Итак, то обстоятельство, что Спиноза оказался практически отщепенцем своего класса, что он не был порабощен личными интересами, наподобие любого другого негоцианта, что он не представлял тенденций той или другой частной группы (компании, гильдии, цеха), позволило ему стать глубоким и радикальным выразителем всего духа буржуазного класса в целом.
Правда, класс этот во время Спинозы не сознавал себя как действительное целое и даже вообще за все свое историческое бытие не дорос до осуществления своих принципиальных задач (в общем: законченной буржуазной демократии). Но именно у буржуазии, как класса, поскольку это в известной степени класс-неудачник (переходивший со своих собственных позиций на реакционные, в лучшем случае оппортунистические, из страха перед дальнейшим, небуржуазным развитием основанного на новых производительных силах общества), возможен этот парадокс, что самые глубокие выразители его диалектически становятся к нему до известной степени во враждебные отношения.
Из вышеизложенного не следует, однако, чтобы Спиноза был типичным утопистом, индивидуальным фантастом, мечтательным романтиком, — словом, одним из тех оригиналов и одиночек, над бесплодным великодушием которых и бесполезным гуманизмом так горько смеется Гегель.
Ничего похожего! Спиноза был натурой очень реалистической. Мы увидим в следующих главах, что и как философ природы и как этик он остается реалистом. Однако, устанавливая основные правила поведения человеческой личности, тем более основные понятия о вселенной, Спиноза мог быть в широкой мере свободным, чего не могло быть в области политики.
Будучи реалистом вообще, Спиноза мало интересовался установкой политической утопии, то есть некоторой программы-максимум, хотя бы наподобие своего великого предшественника — Томаса Мора.

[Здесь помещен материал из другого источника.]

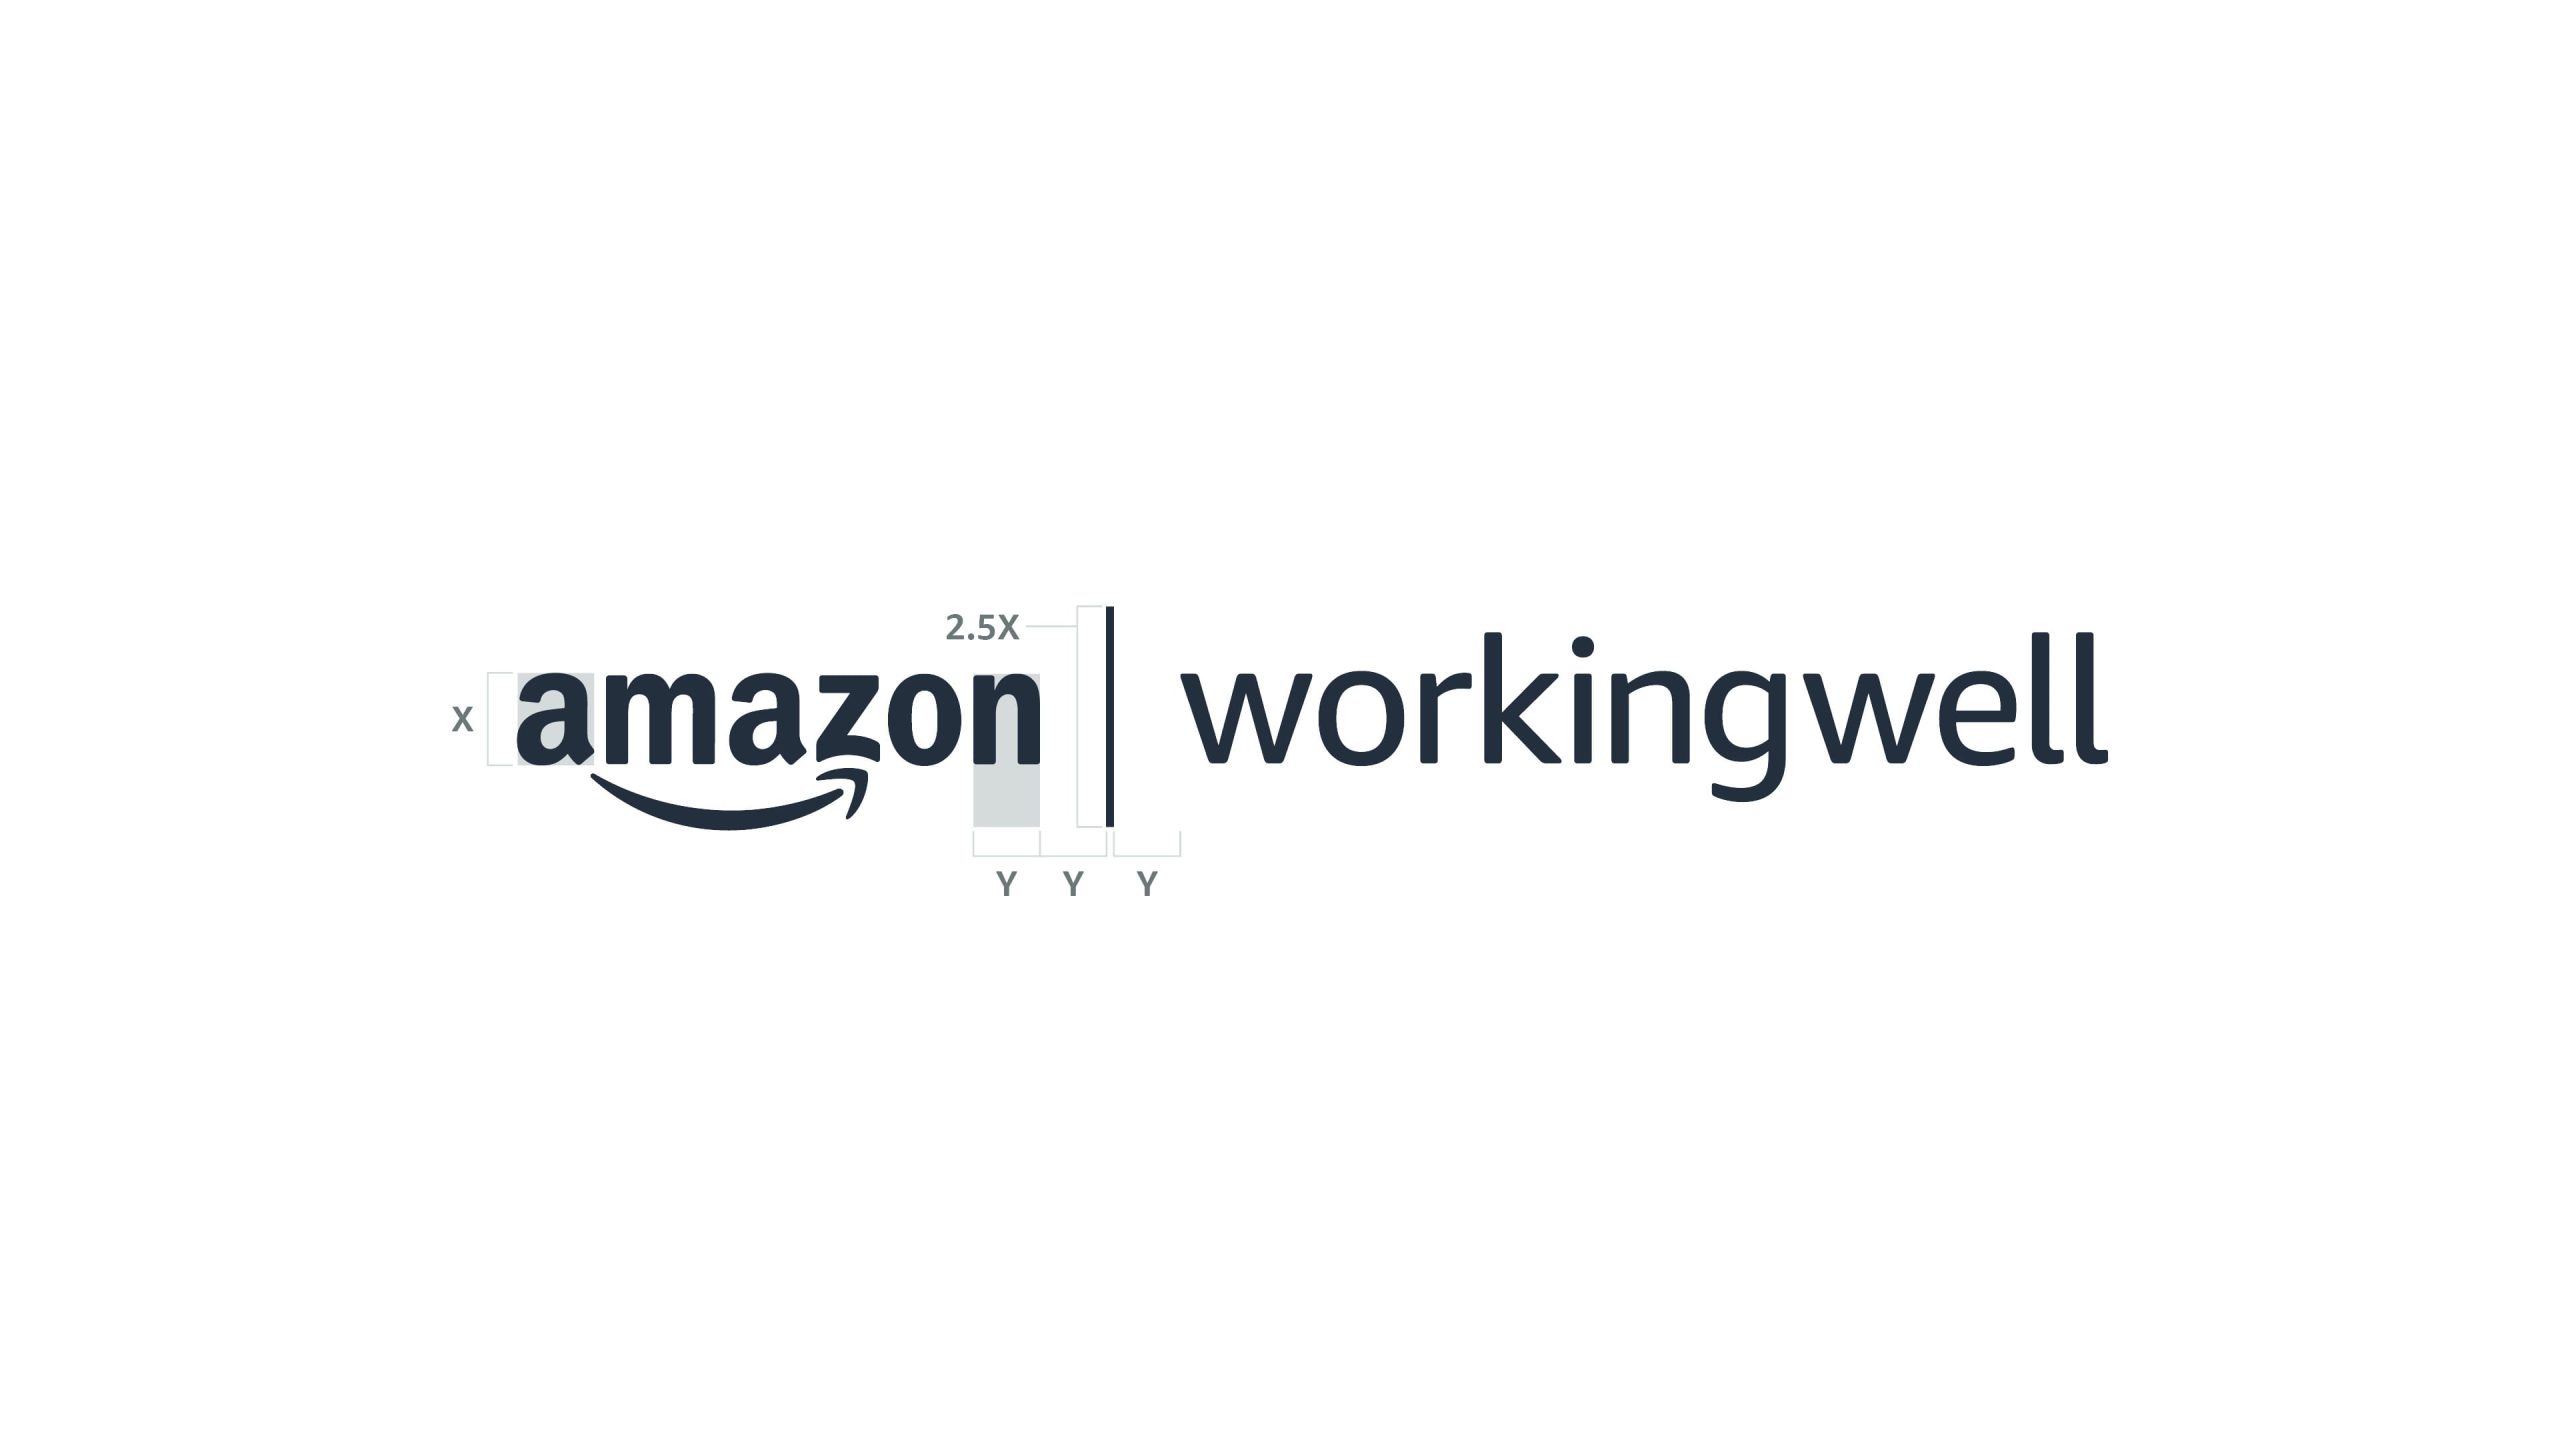 An image of an Amazon program logo

Спиноза в своей громкой, обратившей на себя внимание всей образованной Европы политической деятельности считал нужным исходить из действительности. Задачи, которые он ставил себе в своих политических трактатах, очень конкретны, они относятся к злободневным проблемам жизни.
Однако Спиноза никогда не был политиком «изо дня в день». Не отрываясь от конкретной действительности, какая была дана ему его эпохой, он все же оставался философом политики.
В какие же отношения поставил себя Спиноза к буржуазии своей страны, а через нее — к буржуазии своего времени?
Голландская буржуазия в лучшие годы жизни Спинозы, то есть приблизительно от 1653 года до его смерти, раздиралась внутренними противоречиями, еще большими, чем прежняя более узкая среда Спинозы — еврейская община.
В общем две мощные партии противостояли одна другой. Одна из них называлась «государственной»: с 1653 до 1672 года она держала власть в своих руках. Эта партия «Statsgezinden»[22] состояла из буржуазной аристократии. Ее членами были могущественные негоцианты: арматоры, мореходы, мануфактурщики, банкиры и т. д. Главы таких фамилий, или, вернее, фирм, составляли государственный совет.
Бессменным секретарем или делопроизводителем этого совета был вдумчивый и энергичный де Витт, типичный голландский крупнобуржуазный либерал.
Нося титул «государственного пенсионера», этот человек в течение почти двадцати лет был мозгом и волей крупной буржуазии. Однако эта верхушка буржуазного класса и ее правительство имели сильнейших конкурентов в лице партии штатгальтера, то есть принца из Оранского дома.
Эта партия называлась в то время «Stathonder-gezinden»[23].
Основным противоречием политики де Витта, основной слабостью его партии было то, что, будучи естественно республиканской и либеральной, так как развилась она в борьбе с испанским феодализмом и нуждалась в поддержке народных масс, она в то же время была глубоко олигархической, сильно побаивалась требований мелкобуржуазной бедноты и зорко следила за сохранностью своих политических привилегий и за возможностью невозбранной эксплуатации труда; равным образом, будучи естественно империалистической, так как Голландия становилась в это время величайшей колониальной страной мира, она боялась армии и военного флота, потому что ее враг — штатгальтер, стремившийся к самовластию, — был как раз прежде всего начальником вооруженных сил республики.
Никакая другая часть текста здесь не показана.